Novo presidente enfrenta Brasil dividido em dois e Congresso partido em 30

Jair Bolsonaro ou Fernando Haddad? Ganhe quem ganhar neste domingo, tenha a vantagem que tiver, o Brasil continuará desunido. E dificílimo de governar sem recorrer às velhas práticas clientelistas que os eleitores tanto queriam ver extintas.

O próximo presidente do Brasil pode esquecer as expressões "estado de graça" ou "lua-de-mel". Seja eleito o favorito Jair Bolsonaro, do PSL, ou ganhe a votação o outsider Fernando Haddad, do PT, um deles vai enfrentar logo de caras, respetivamente, 44% e 52% da população de brasileiros que, "em nenhuma circunstância", lhe dariam o voto, a julgar pelas sondagens mais recentes. Depois, para governar, terá de encarar a selva partidária de 30 partidos, um recorde de fragmentação na história já de si superfragmentada da democracia brasileira.

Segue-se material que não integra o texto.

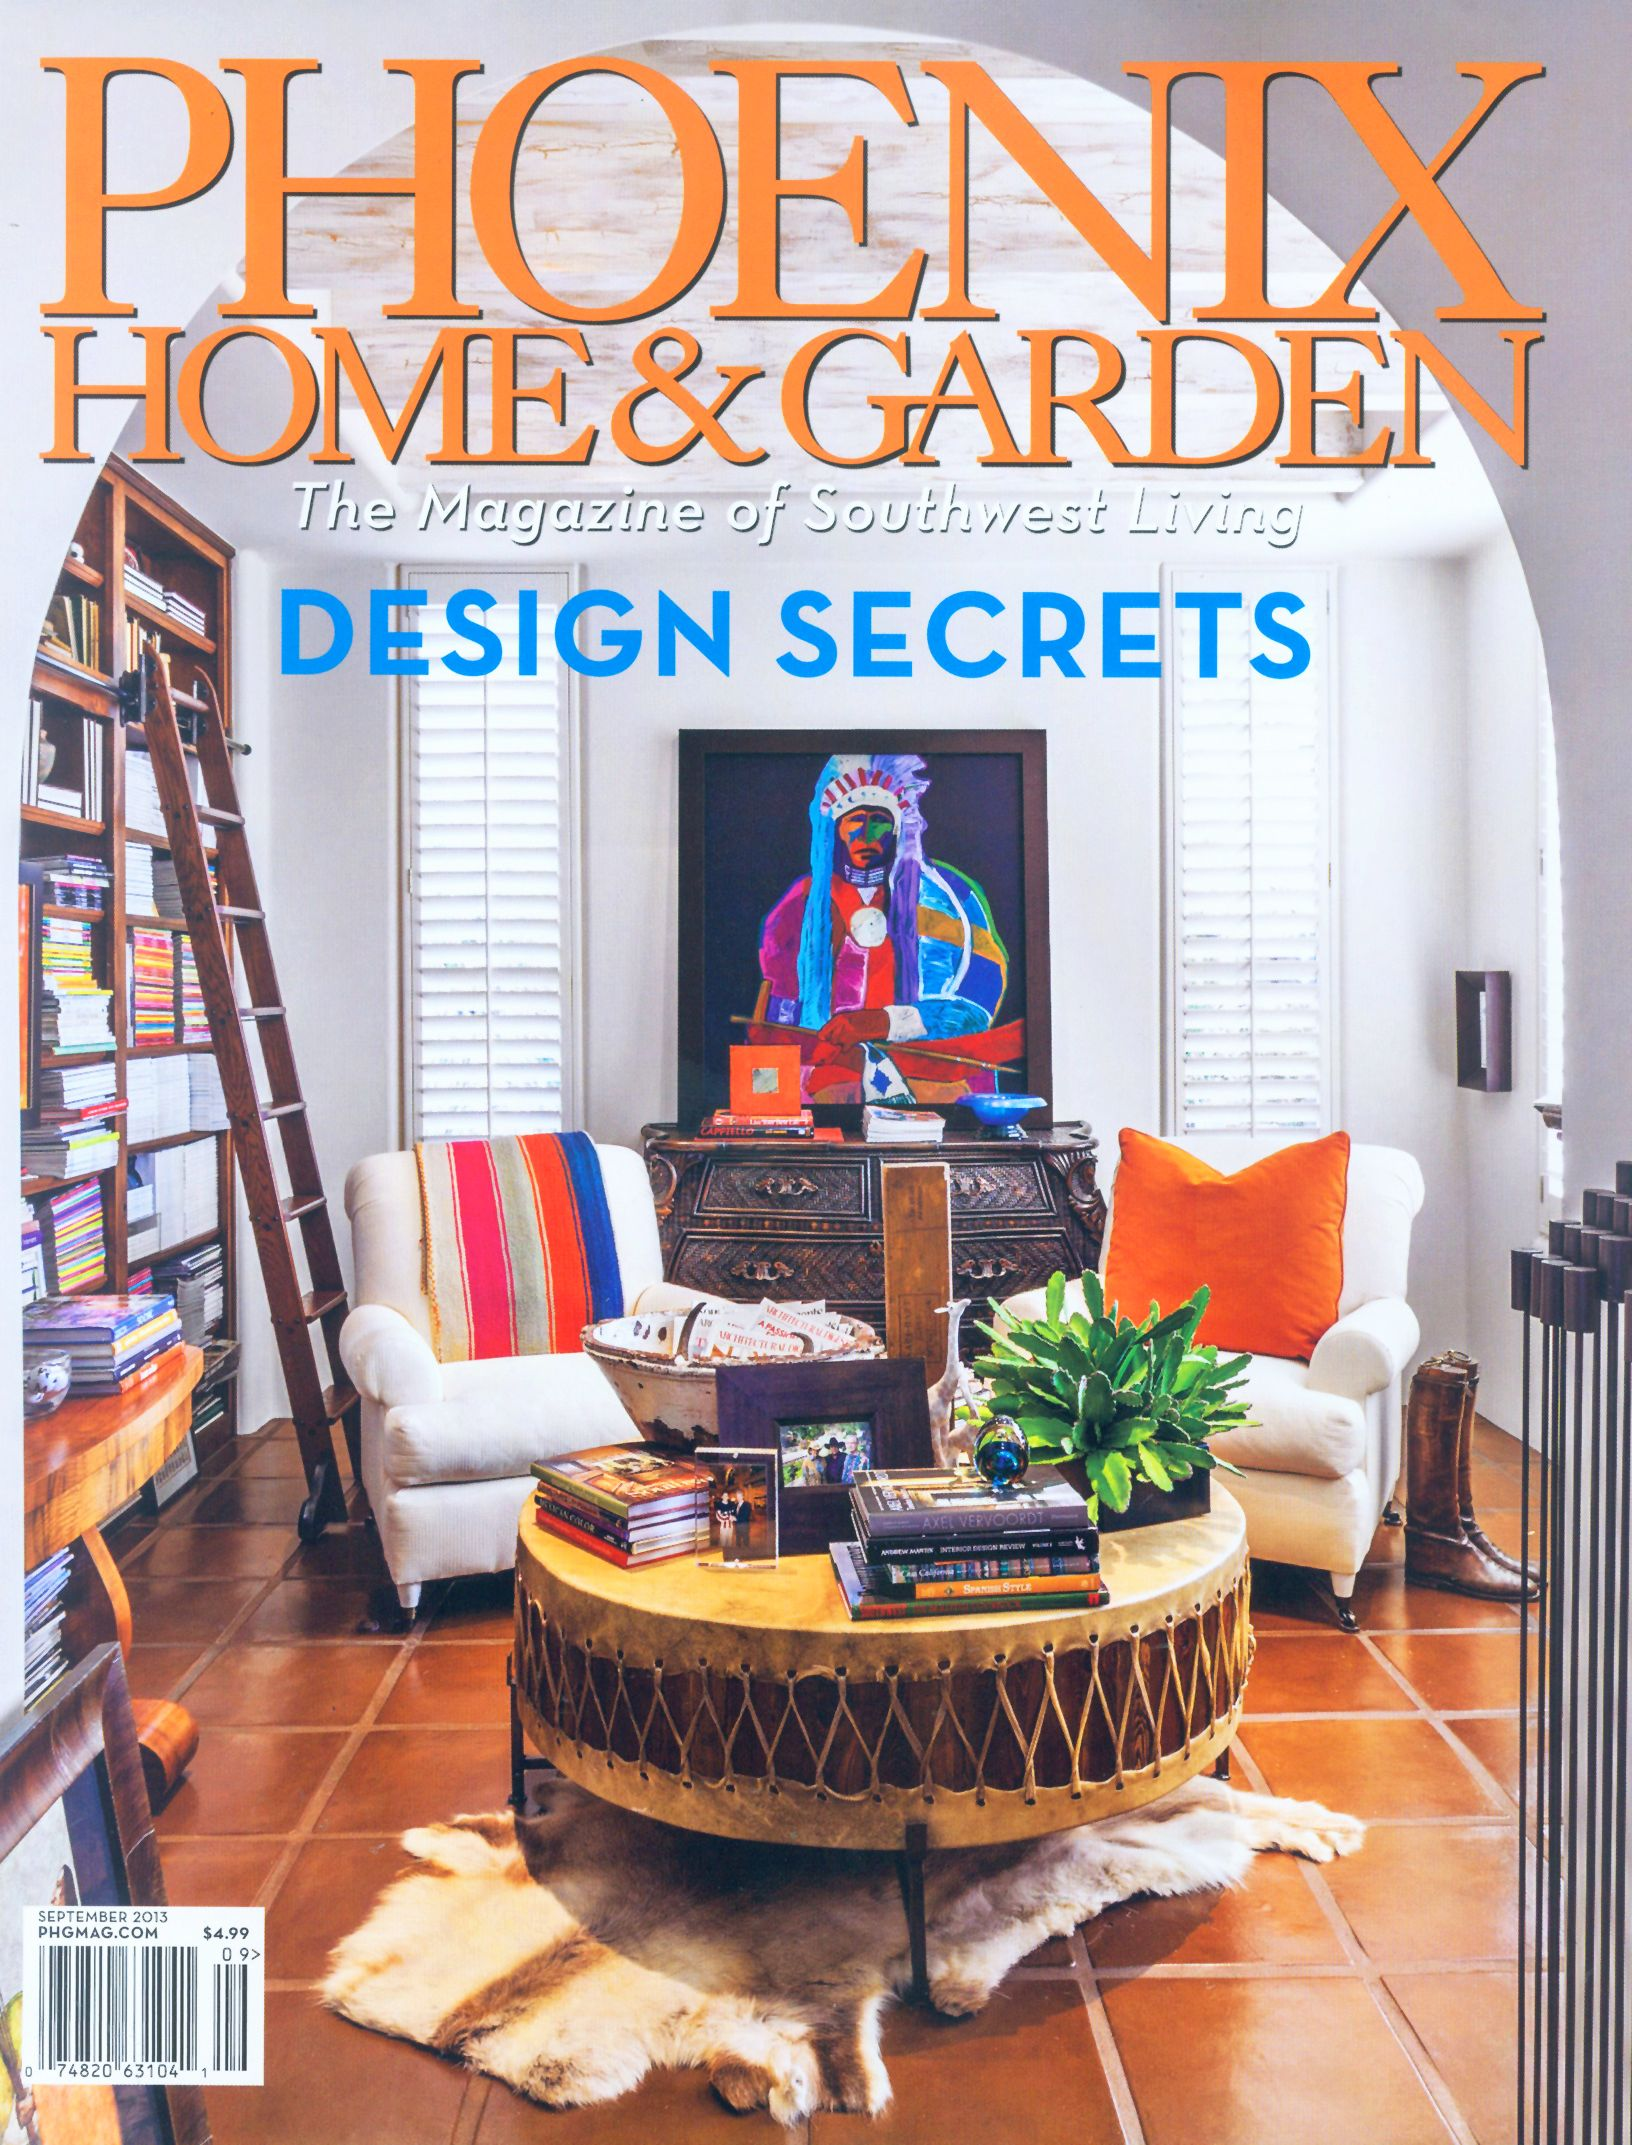 Elegant Phoenix Home And Garden (September 2013) Pictures

Comecemos por aqui. Na Câmara dos Deputados, em vez dos incríveis 25 partidos que compuseram a legislatura 2015-2019, a próxima terá agora 30 forças diferentes, umas de direita, outras de esquerda e outras - a maioria - a quem tanto lhes faz. Note-se que, apesar de ser o maior grupo parlamentar, o PT de Haddad, com os seus 56 deputados, não vale mais do que míseros 10,9% do total de eleitos na câmara baixa do Congresso. O PSL, nova segunda força na casa, com 52 eleitos, representa 10,1% dos 513 deputados.

O novo presidente, que sairá de um desses partidos, tem pois apenas essa minifatia do bolo parlamentar garantida. Falta assegurar mais 40% para aprovar projetos ou, nos casos em que são exigidos dois terços do Parlamento, mais 56%.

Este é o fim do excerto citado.